I set up a new environment to build gradio-openai projects called "gru". There's no need to pin at python 3.10 for transformers or whatnot, since the model we're using is on the internet, behind an API.
I'm using Conda for the 1.5th time, and I'm not certain that:
- I know what I'm doing
- I need to actually use it
- It's fine
- I should just use
venv
One thing I want to note is that if I did not specify the python version
in the conda create
command the environment was messy, and I got errors
about missing libraries etc, even though I was using conda install
. I
found that by using conda create
and pip install
I was able to get a
stable environment and no flaky weirdness about missing libraries or missing
constants.
Once you start using Conda, it's best to keep using Conda. But conda install doesn't get you the libraries you want: so you use pip to get the libraries...
So why use Conda at all? Why not just use python -m venv
...? I'm starting to
think that way myself.
conda create --name gru python=3.11 # you don't need to do this
pip install -r requirements.txt
It's all a bit confusing, but I think all the things I'm installing using pip
are being isolated into the gru
environment but who knows it's all "magic".
Another thing I'll note is that I have two copies of this on my system, both using
the gru
Conda environment, and I think it's all good.
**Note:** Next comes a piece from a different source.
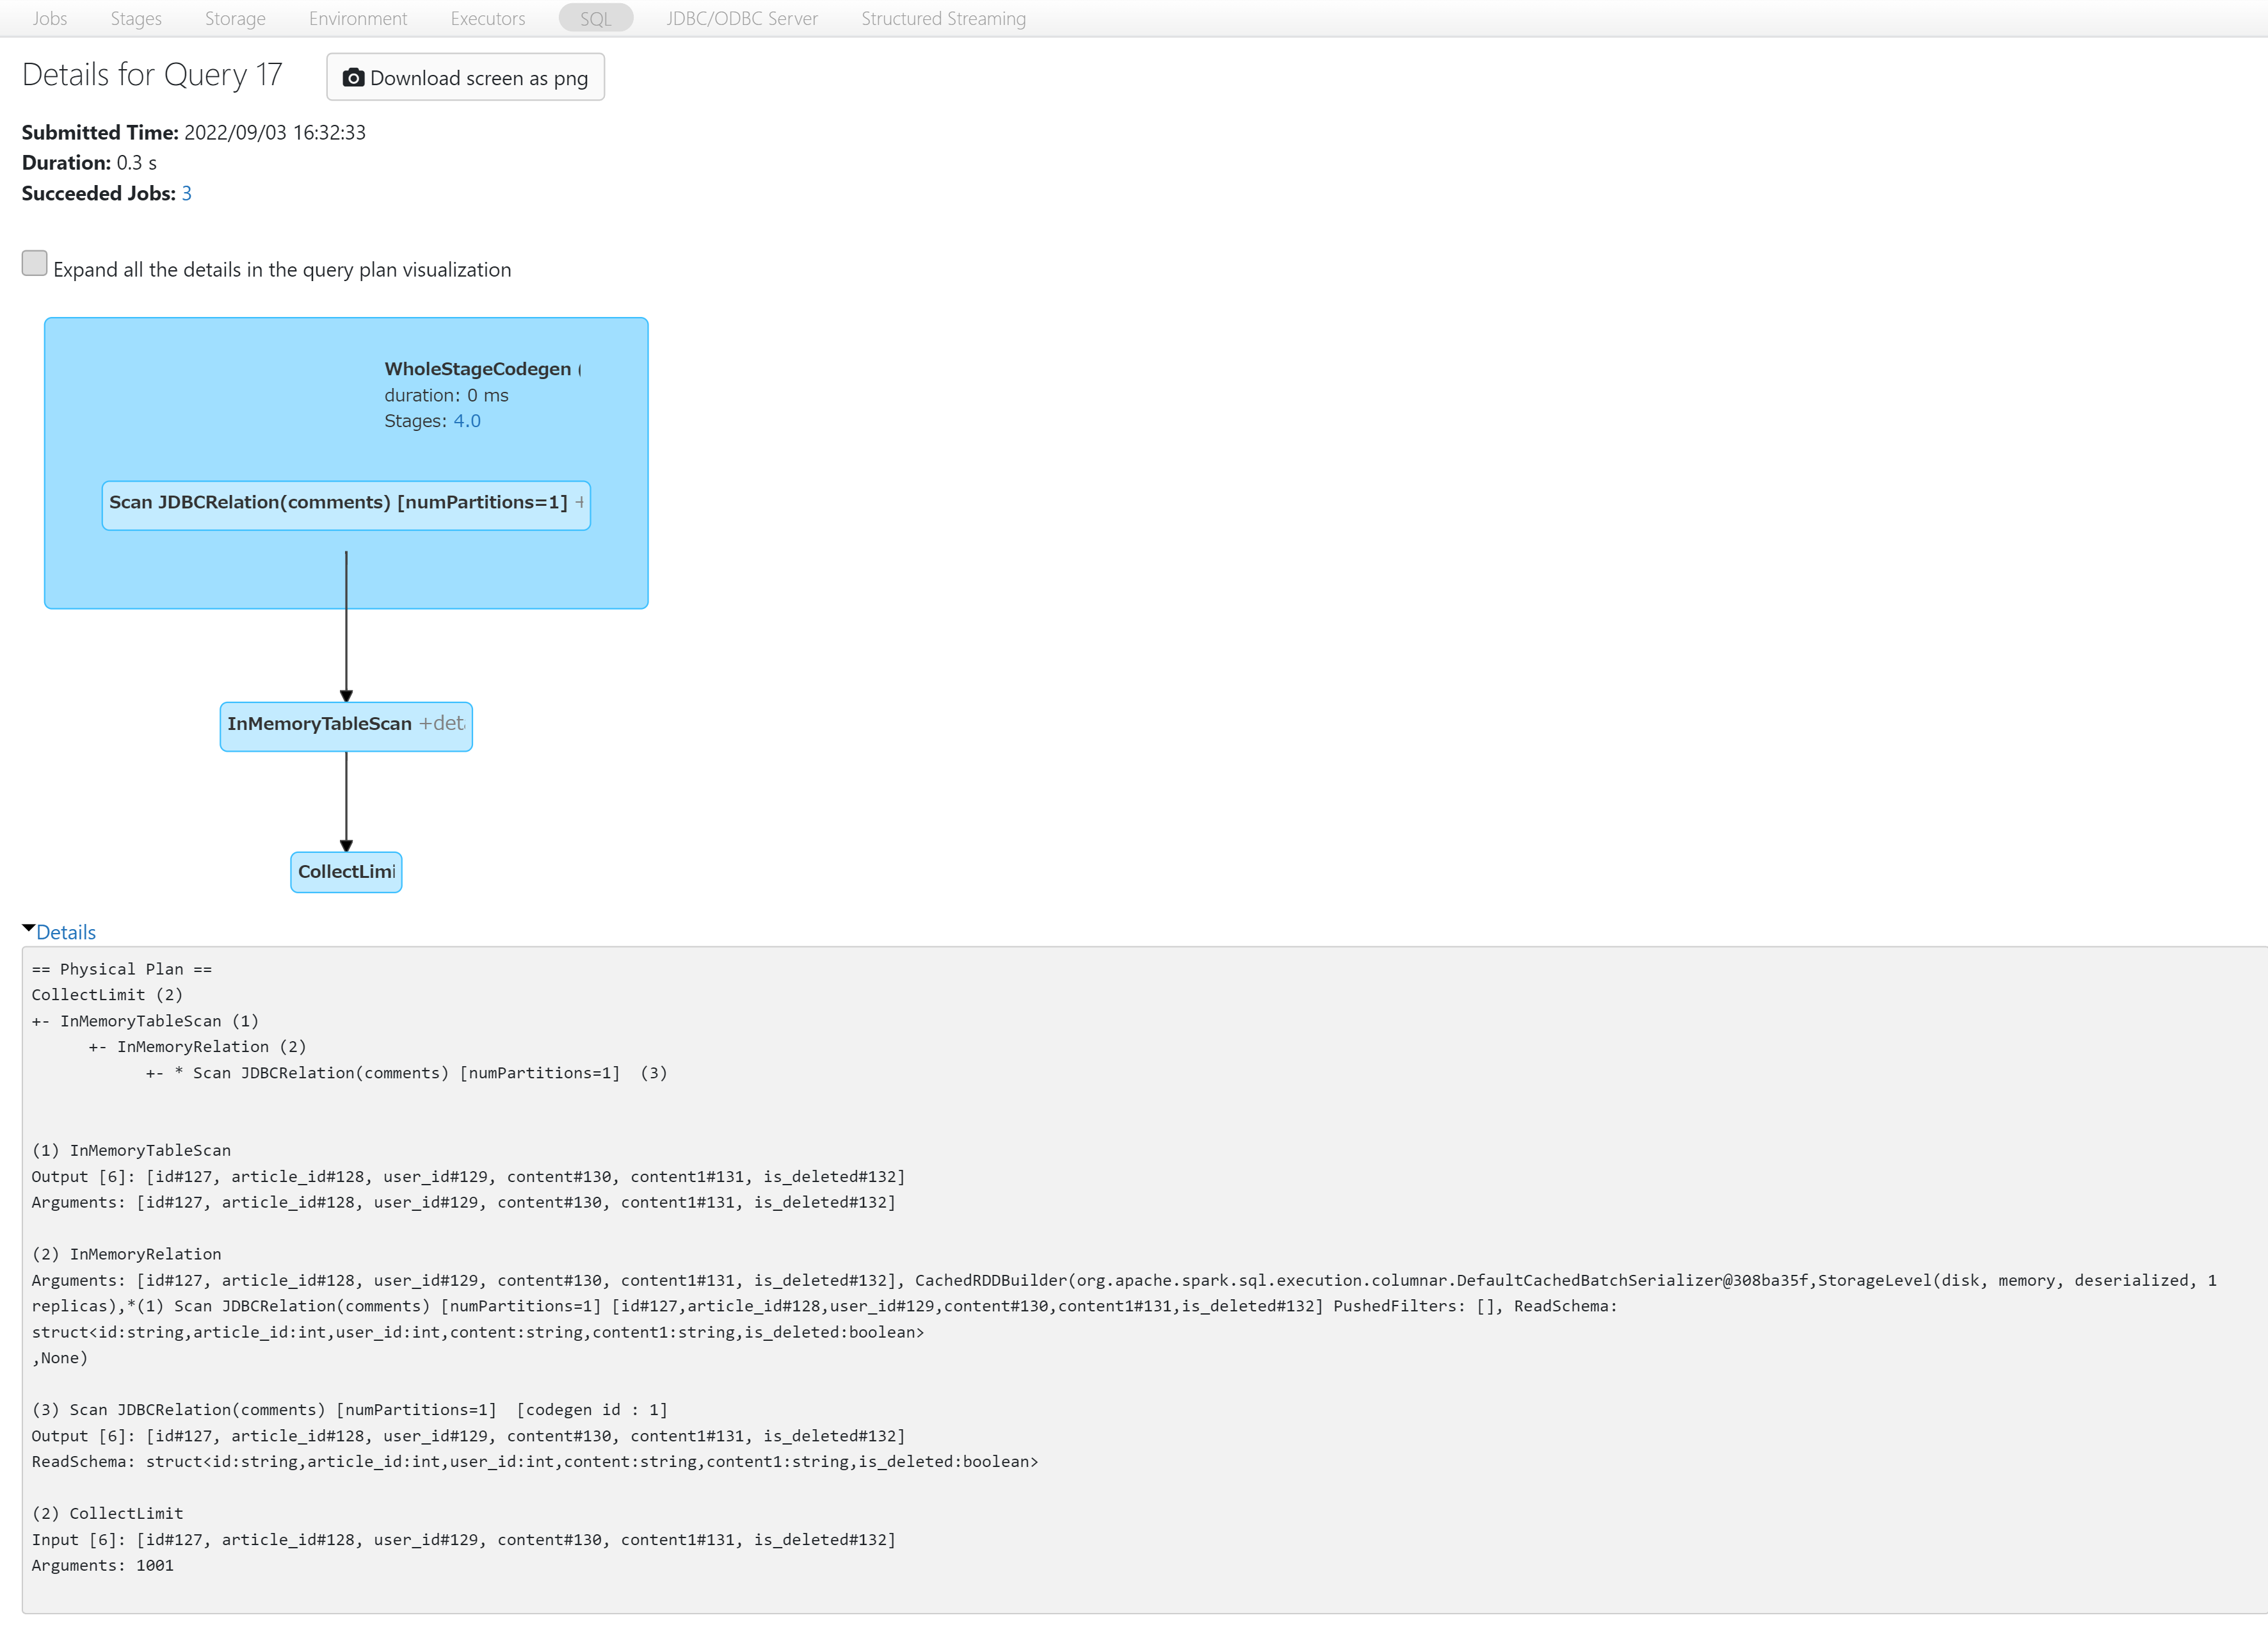 Databricks_Shell_-_Details_for_Query_17.png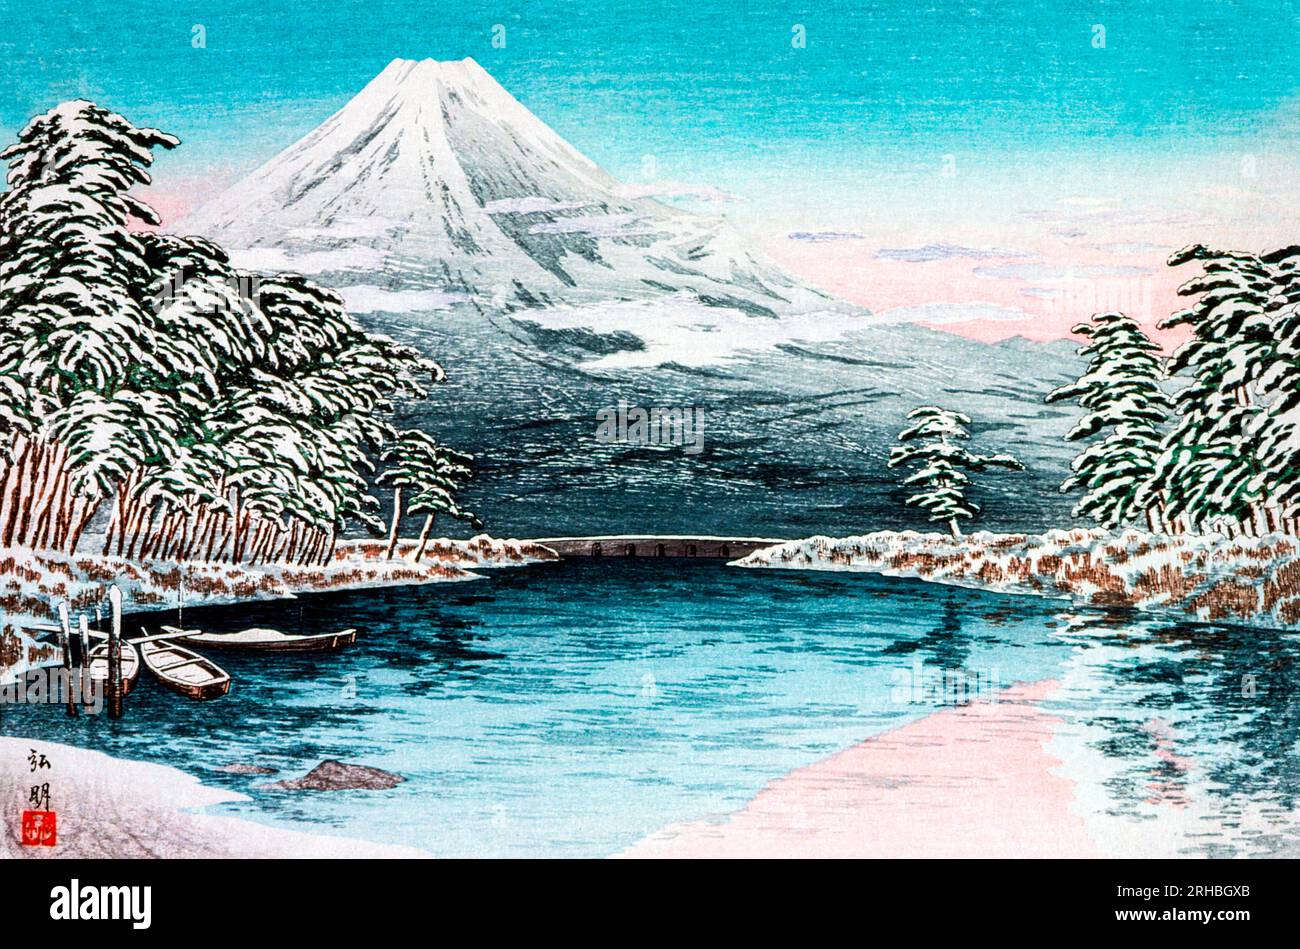 Mt. Fuji from Tagonoura, Snow Scene  print in high resolution by Hiroaki Takahashi. Original from The Los Angeles County Museum of Art. Stock Photo

So, if you create an environment it is portable across projects: this is actually
awesome because you only need to pip install
once. Projects that do different things
but use the same set of requirements can use the same environment.
Thinking about how to run in FAKE mode and REAL mode, I realised that I was "running
the server" and clicking around, because that's really what this is - a gradio
app
is a web page more than anything else. So I wasn't building test code.
So rather than keep stacking untested code upon untested code, I decided to pause for a bit and make sure there is a way to provide proof that all the things work, not just unit tests, but BDD style, browser-based tests.